Hi, I’m curious about why the equation of gradient descent with momentum here doesn’t rely on the previous gradient. That is, I remember in the definition of exponential weighted moving average, v_t = \beta * v_{t-1} + (1-\beta)*\theta_t . It’s because we connect v_t with its previous elements so that we can have a smoother diagram.
But in the case of gradient descent with momentum, why don’t we involve v_{dW^{[l-1]}}?

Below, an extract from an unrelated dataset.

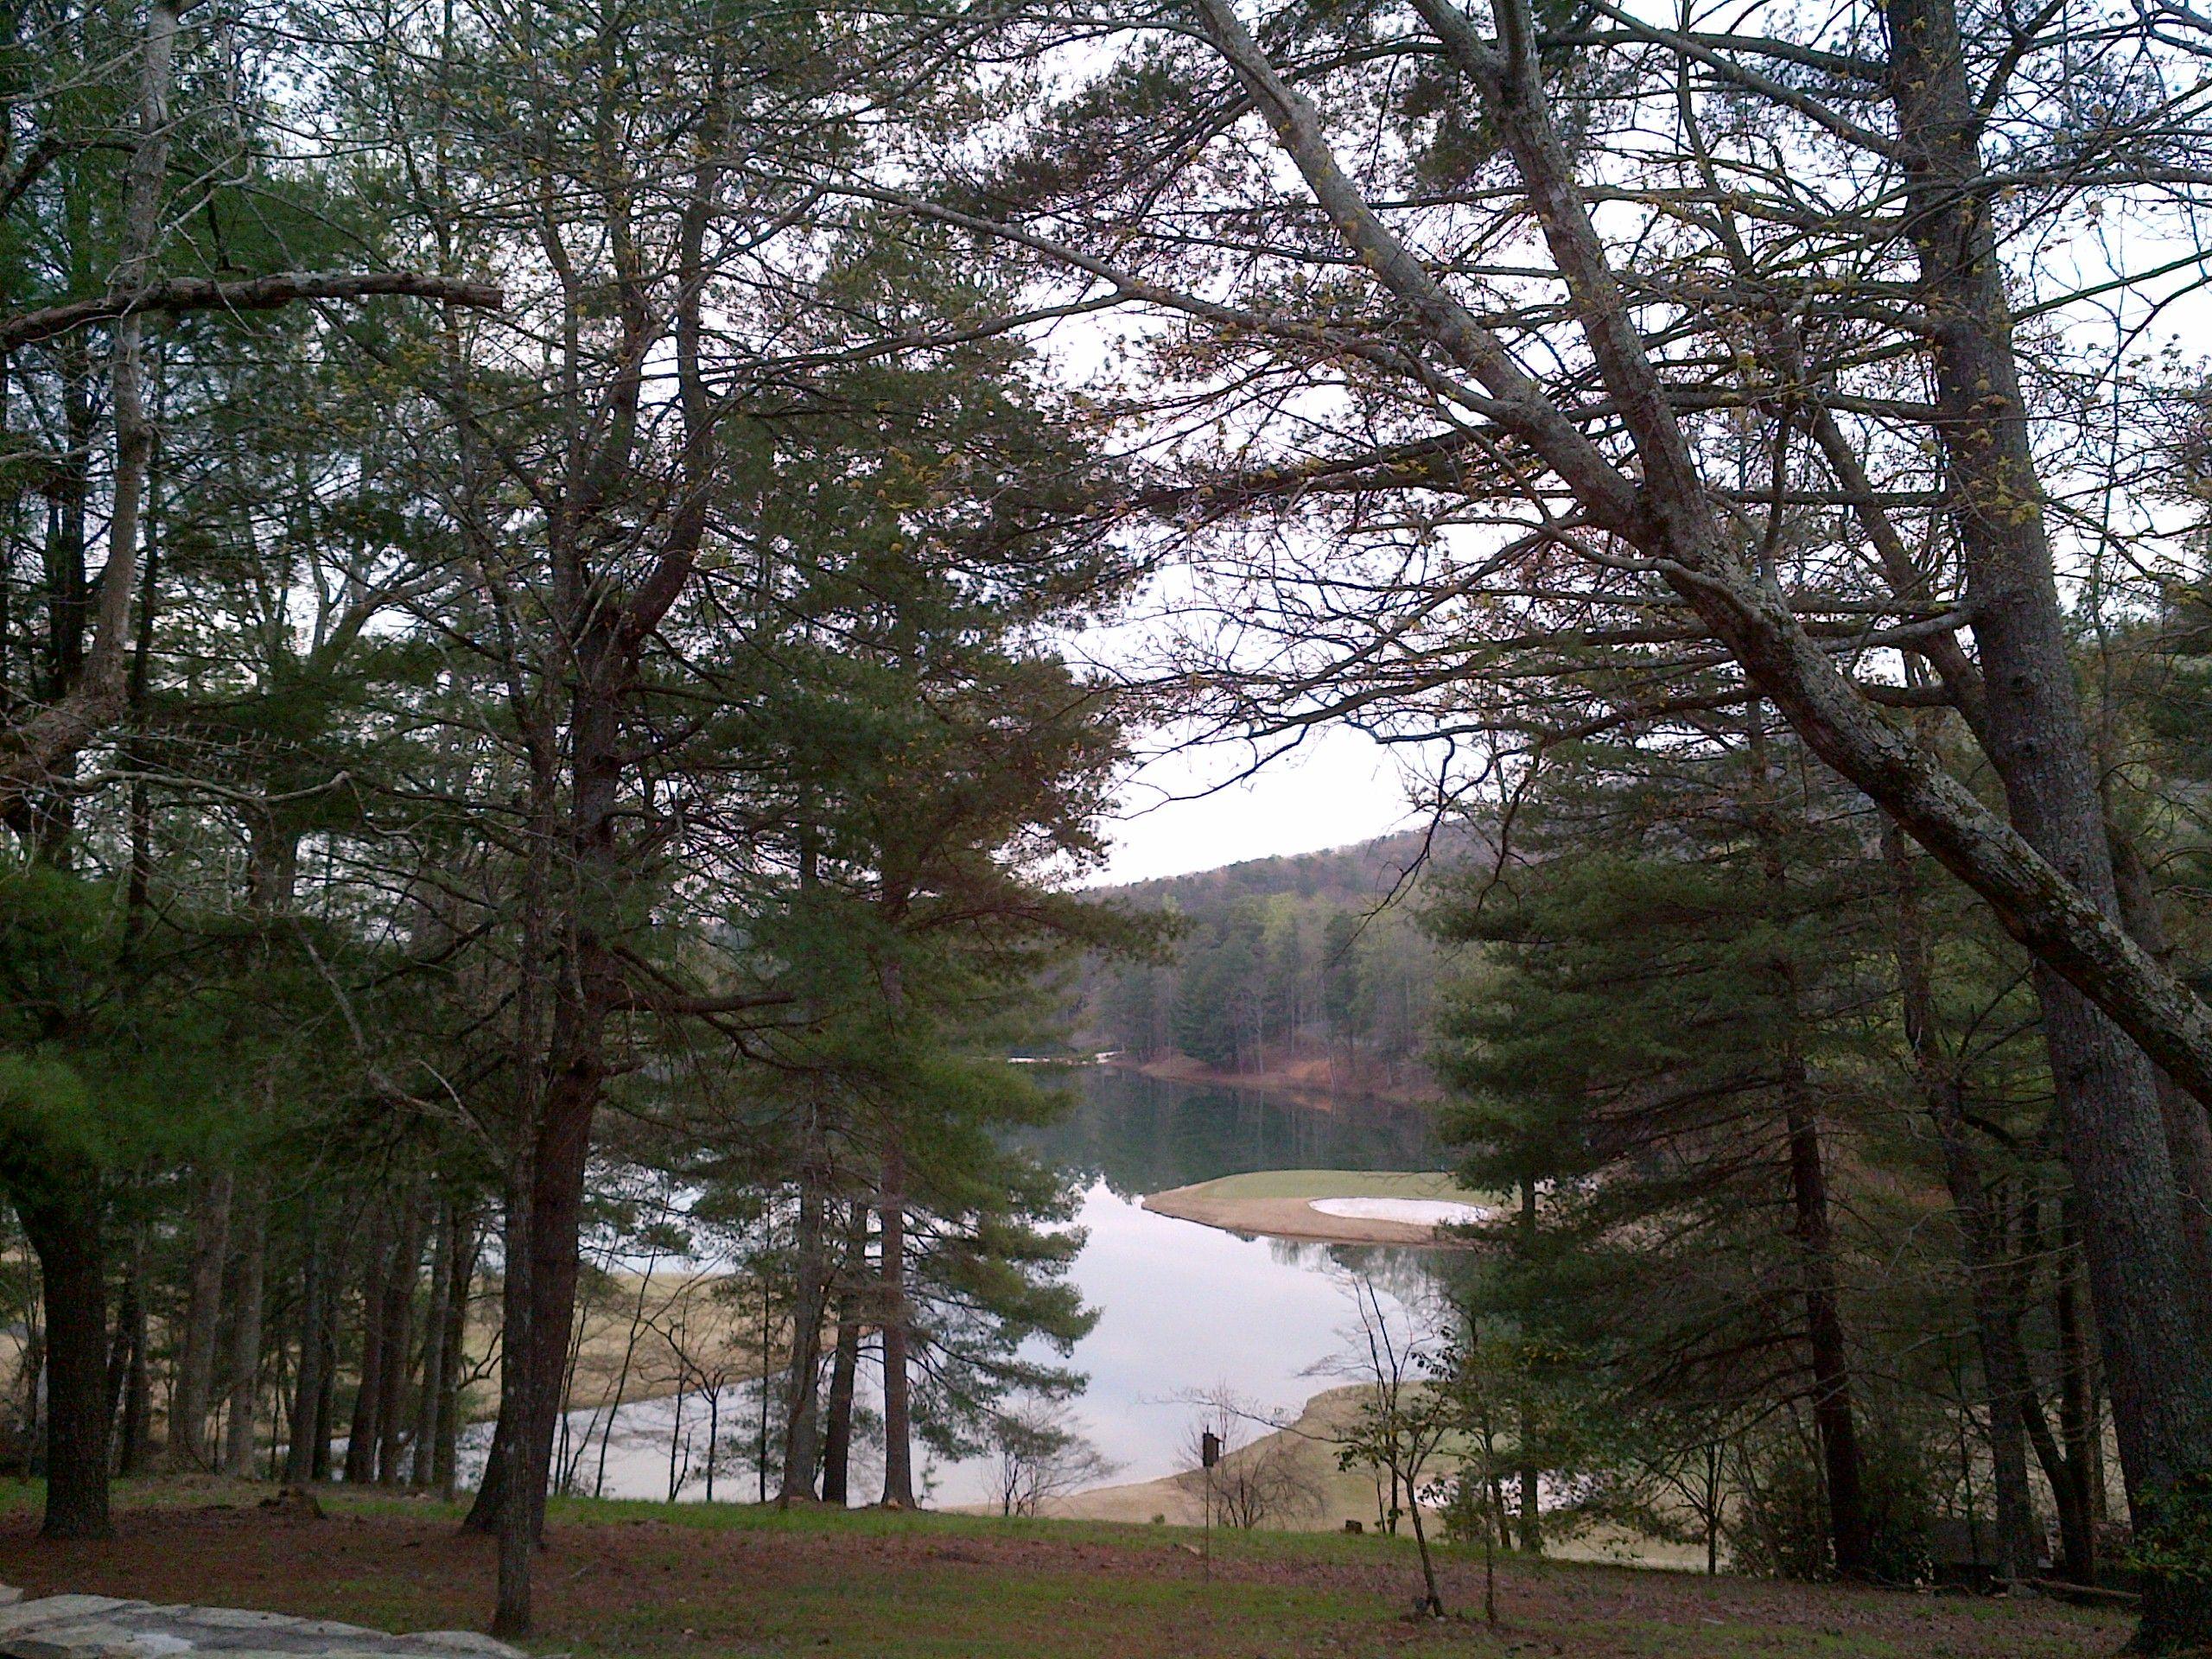 Big Canoe, GA Tree house, Tree, Canoe

Also, we initialized all v_{dW^{[l]}} with zeros, what’s the point of multiplying \beta and zero here?
1 Like
The update rule will be applied for each layer, as we have parameters associated with each layer separately. Therefore, the term v_{t−1} represents the velocities calculated at the previous time step or previous iteration for the layer l
, not the velocities from the previous layer l-1
.
After a few iterations, multiplying \beta would make sense, since (1 - \beta)dW^{[l]} and (1 - \beta)db^{[l]} are also being added.
1 Like
Hi @Well_Zhang,
In addition to @Mujassim_Jamal’s explanation especially on the meaning of t and [l],
The previous gradients are there, then you update them with dW^{[l]} or db^{[l]} and they become the “current” gradients.
Cheers,
Raymond
1 Like
Thank you. As we call update_parameters_with_momentum() in each iteration, the old v_{dW^{[l]}} here is actually from the last iteration and we update it in each new iteration.